In terms of tax advantages and tax law, an LLC has the flexibility to go with the default, which is âpass throughâ taxation, S-Corp. designation, which is also âpass throughâ and comes with some other restriction, or C-Corp. taxation where you pay corporate tax.
The main difference being, again, that professionals cannot operate as regular corporations and only professionals can be shareholders in a PC. Corporations default to C-Corp. taxation when they are formed. This means that they are considered a taxpaying entity and pay corporate tax on income.
An LLC can be opened by pretty much anyone who wants to run a business and protect their personal assets. This is what is meant by the term limited personal liability and the main reason people who start off as sole proprietors or in partnerships choose to incorporate.

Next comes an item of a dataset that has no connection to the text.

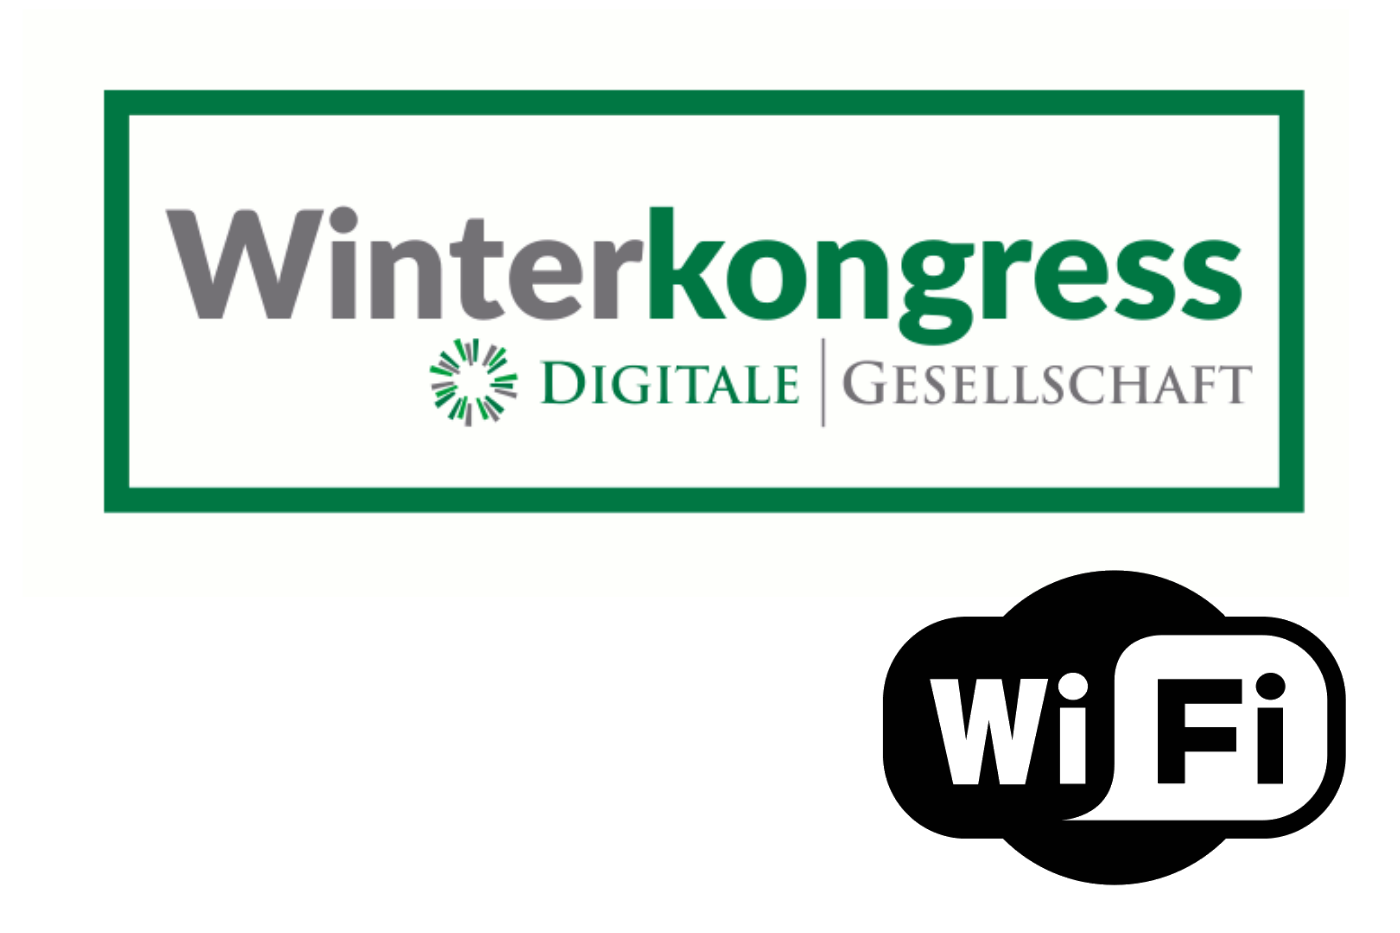 Digitale Gesellschaft - Winterkongress 2018

A lawyer is any person who has graduated from law school and has earned a J.D. A lawyer may not necessarily have taken a Bar exam to practice law. An attorney, on the other hand, is licensed to practice law after passing a state Bar exam. It is an attorney who can use the esquire title after her name.
To become an attorney, one must do two things: graduate from law school and then pass the state licensing exam (know n as the Bar exam). Once a person graduates from law school, he can add the initials J.D. after his name, which stands for Juris Doctor, or the degree garnered.
What Does Esq. Mean When Talking About an Attorney? There are many initials that typically follow an attorneyâs name. One of those is Esq., which stands for esquire. In the legal field, there is a different connotation for what it means when Esq. follows an attorneyâs name instead of her credentials.
It's proper practice for opposing attorneys in a case to use Esq. when addressing correspondence to each other. However, itâs not required that the title be used when addressing an attorney. In more casual, social correspondence, Esq. should be included instead of a courtesy title of Mr. or Mrs. Both should not be used when writing to an attorney.
Instead, itâs a courtesy title that is used when addressing correspondence to a practicing lawyer, or attorney, who is now an esquire. For example, you might write on an envelope: Ms. Jane Smith, Esq.